Agent Development Kit エージェントを Cloud Storage に接続する

Agent Development Kit(ADK)エージェントを Cloud Storage に接続できます。この接続により、エージェントは組み込みの ADK ツールセットを使用できます。

AI デベロッパーは、ADK を Cloud Storage と統合して、エージェントを保存データに接続できます。この統合により、エージェントのワークロードをスケーリングできます。Cloud Storage を使用して、長時間実行されるタスクの状態、メモリ、チェックポイントを永続化できます。

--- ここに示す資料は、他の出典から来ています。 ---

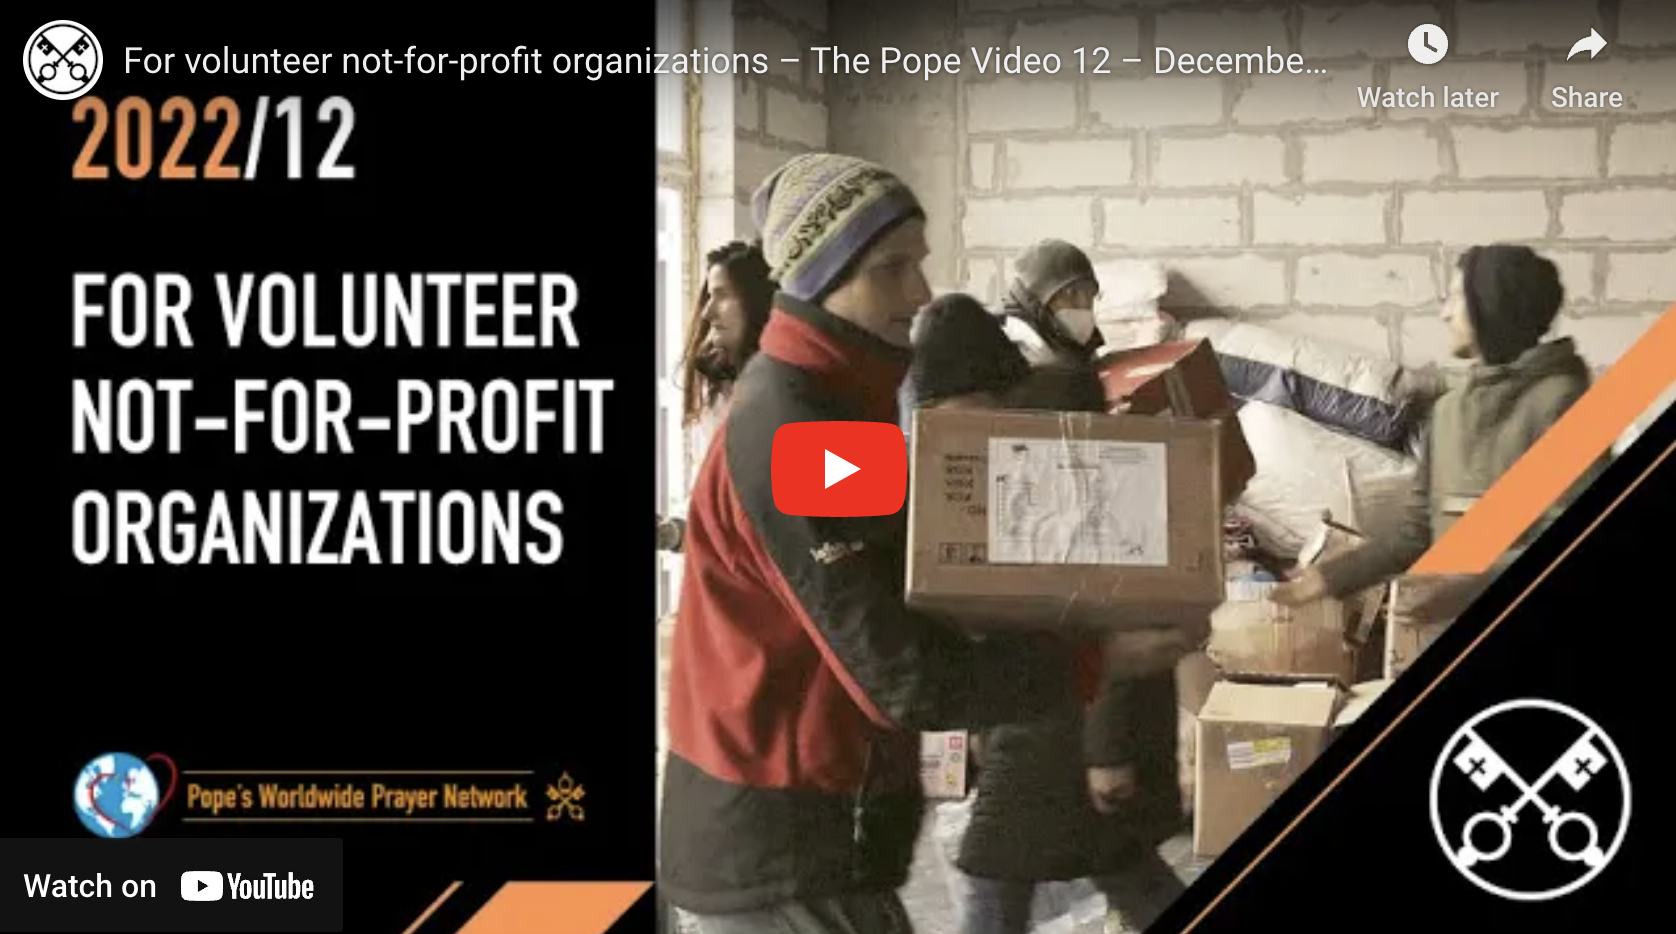 For volunteer not-for-profit organizations – The Pope Video

また、Cloud Storage を使用して、マルチエージェント ワークフローで中間ファイルを共有することもできます。

このドキュメントでは、Cloud Storage と ADK を統合するメリットについて説明します。一般的なユースケースと、利用可能なツールセットの機能について説明します。設定手順とコードサンプルについては、ADK 統合ガイドをご覧ください。

Cloud Storage と ADK を統合するメリット

Cloud Storage をエージェントと統合すると、エージェントは大きなファイルを処理し、会話履歴を維持し、既存のストレージ インフラストラクチャを再利用できます。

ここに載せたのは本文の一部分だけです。